Eliza Scanlen, Evan Rachel Wood, Vanessa Redgrave and Rufus Sewell are attached to star in Kate Dennis’ debut feature All That I Am.
An adaptation of Anna Funder’s Miles Franklin-winning novel of the same name, the film follows four German-Jewish pacifists forced to flee to London as Hitler comes to power.
Sixty years later, the sole survivor of the group, Ruth Wesemann, is living in Sydney. One day she receives a package containing the memoirs of her old friend Ernst Toller that bring back memories of how they smuggled classified documents from Nazi Hermann Goeringโs office into Britain.
Funder’s novel is based on real people. Scanlen will play the young Ruth, and Redgrave her older self. Wood will play Dora Fabian and Sewell is Ernst.
Set to shoot across Sydney and Berlin in winter this year, All That I Am will be Kate Dennis’ first feature after an extensive TV career across Australia and the US, including The Handmaid’s Tale, for which she was nominated for an Emmy.
The film is fully financed by AGC Studios, who is shopping it at the European Film Market next week.
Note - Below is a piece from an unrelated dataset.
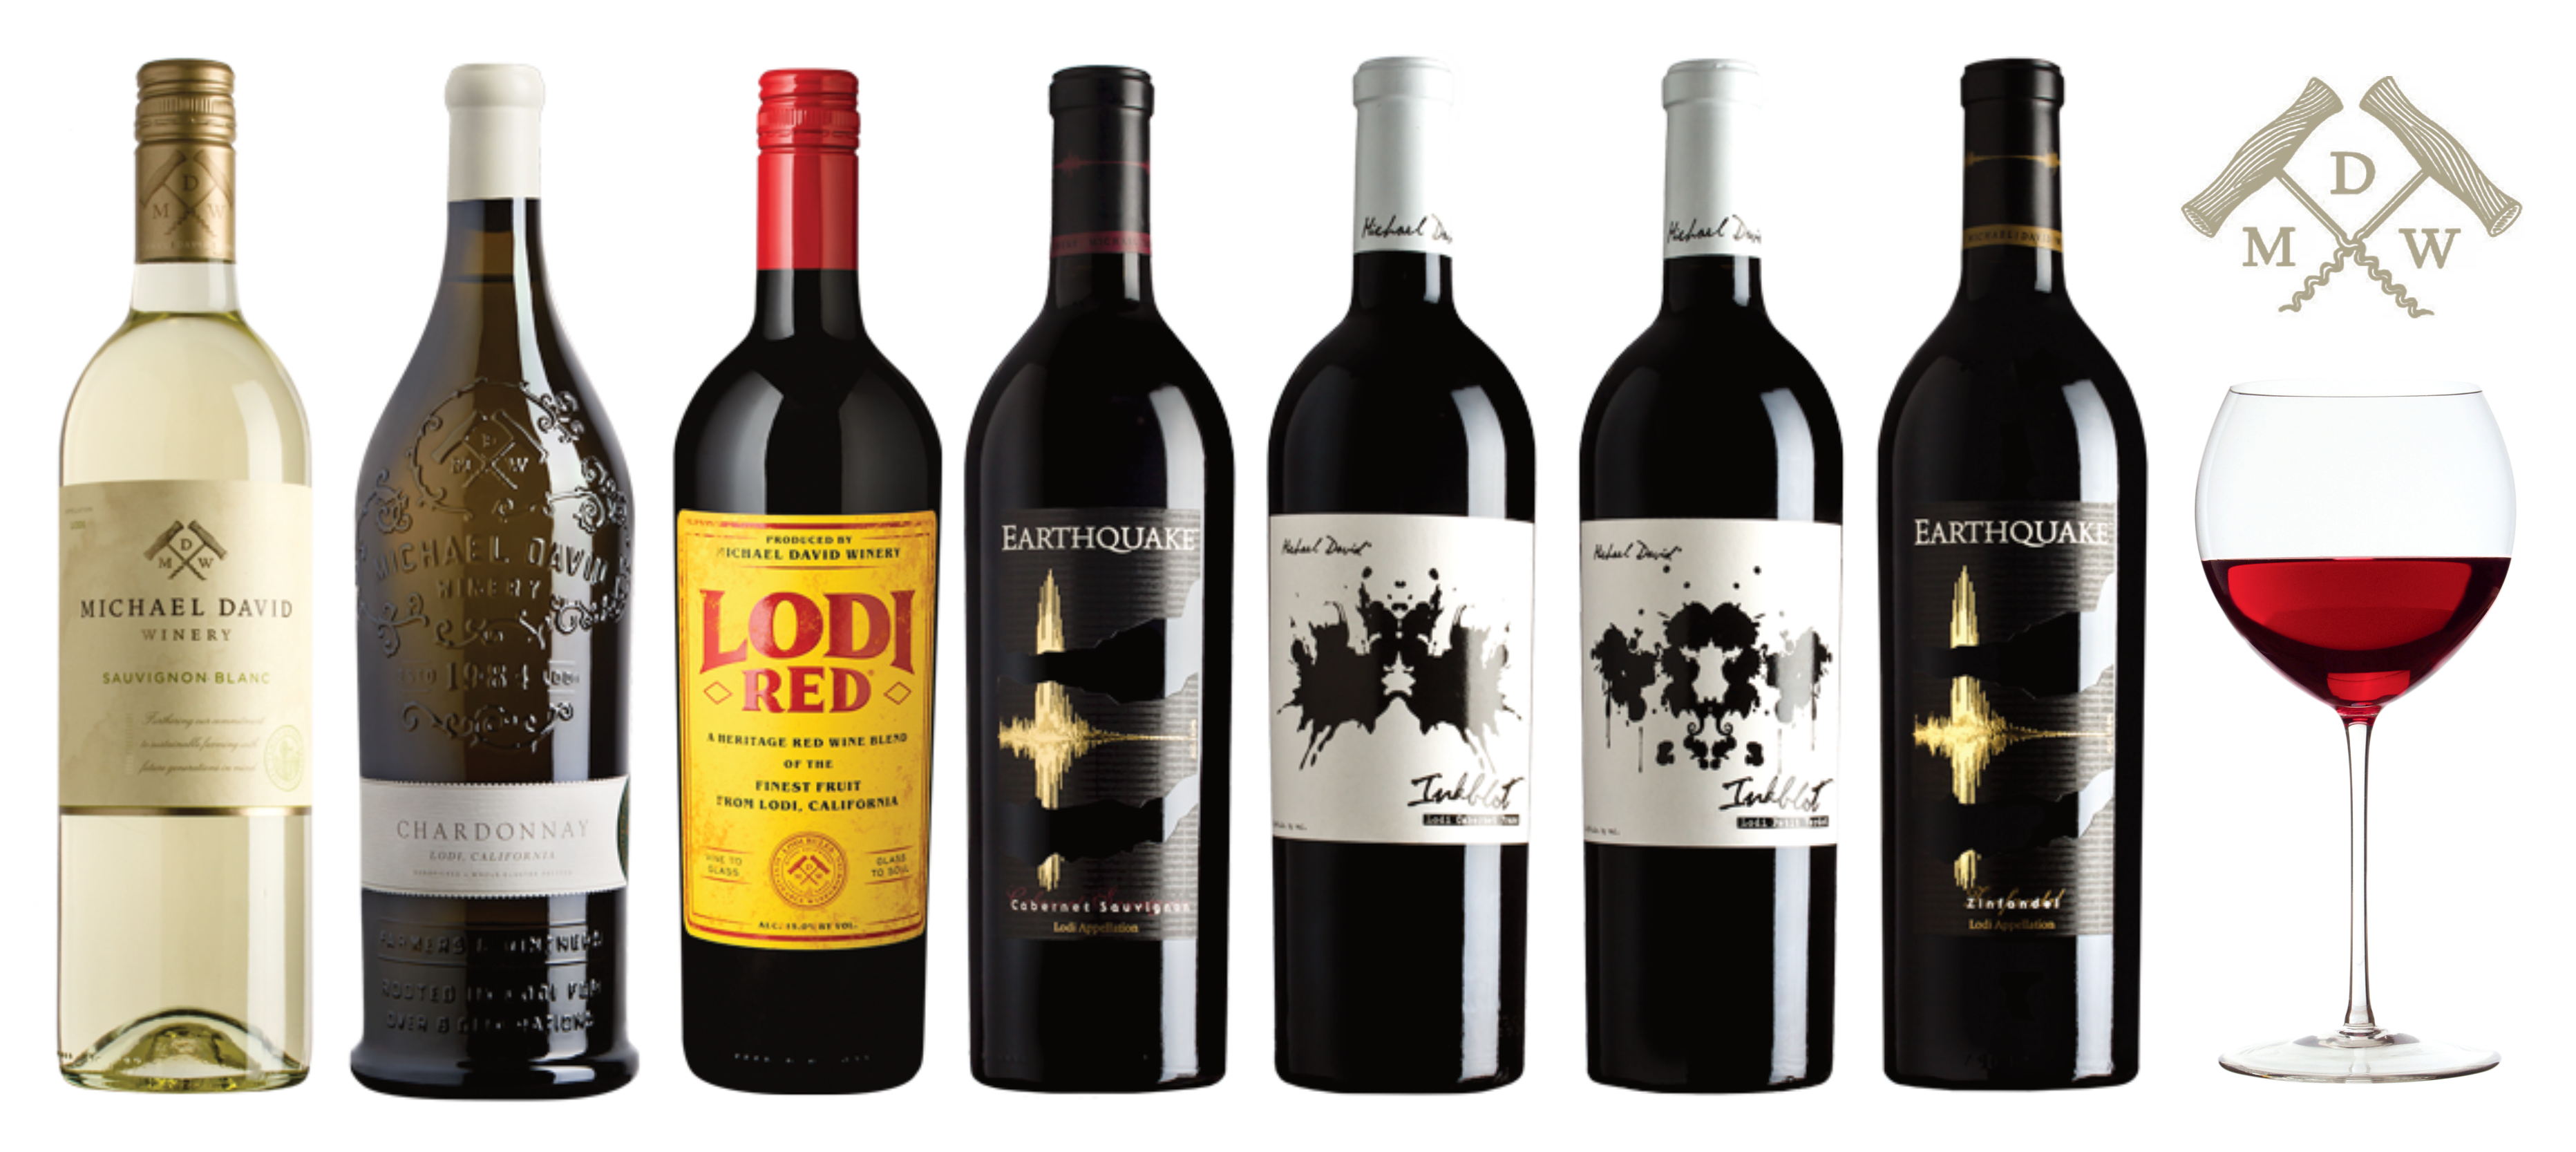 Michael David Winery Wines
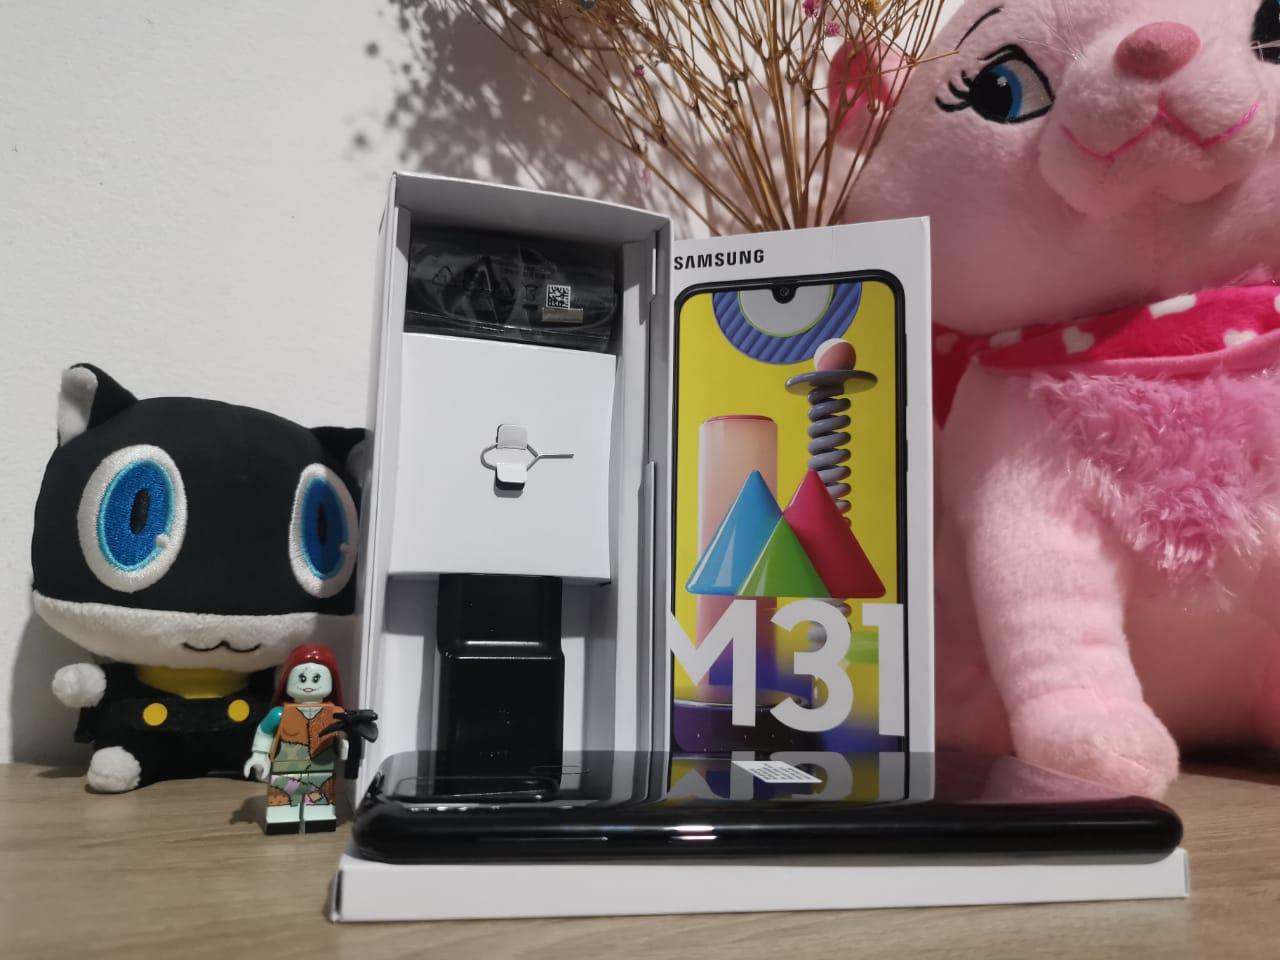 Unboxing Ponsel Baterai 6.000 mAh Samsung Galaxy M31

It will likely be one of the first projects to enter production for Troy Lum, Andrew Mason and Gabrielle Tana’s new outfit Brouhaha Entertainment, who have partnered here with German producers Jorgo Narjes (Babylon Berlin) and Uwe Schott (The Queen’s Gambit), of X Filme Creative Pool.
The project has been in development for around six to seven years as the producers navigated the pandemic and iterations of script and cast.
Despite the journey, Lum tells IF that the team is pleased to have secured actors of the calibre of Scanlen and Wood, noting they “best suit the parts”.
Matthew Faulk and Mark Skeet are writing the screenplay, with Funder also having having had involvement in the scripting process.
Lum describes the film as a faithful adaptation, though they have worked to imbue the story with a cinematic quality.
“While we’ve kept all the beats around friendship and the historical storylines, we’ve infused it with a bit more more of an espionage quality and also more suspense.”
Further, since the world has changed since they began development, from the #MeToo movement, the rise of Trump and the pandemic, they have tried to emphasise different elements of the script so that it speaks to the times.
“This is a very prescient movie in terms of its themes,” Lum says.
“We now have a script that, whilst it’s set in the 1930s, there’s a certain currency around those events and how we look at the world through the lens of this story.”
In terms of Dennis, Lum is excited to see her bring her experience in television to cinema.
“I think film allows allows her to have more freedom in terms of the choices that she can make, and I’m really excited about that because just in the journey of working with her, I feel she’s got a fantastic filmmaking instinct.”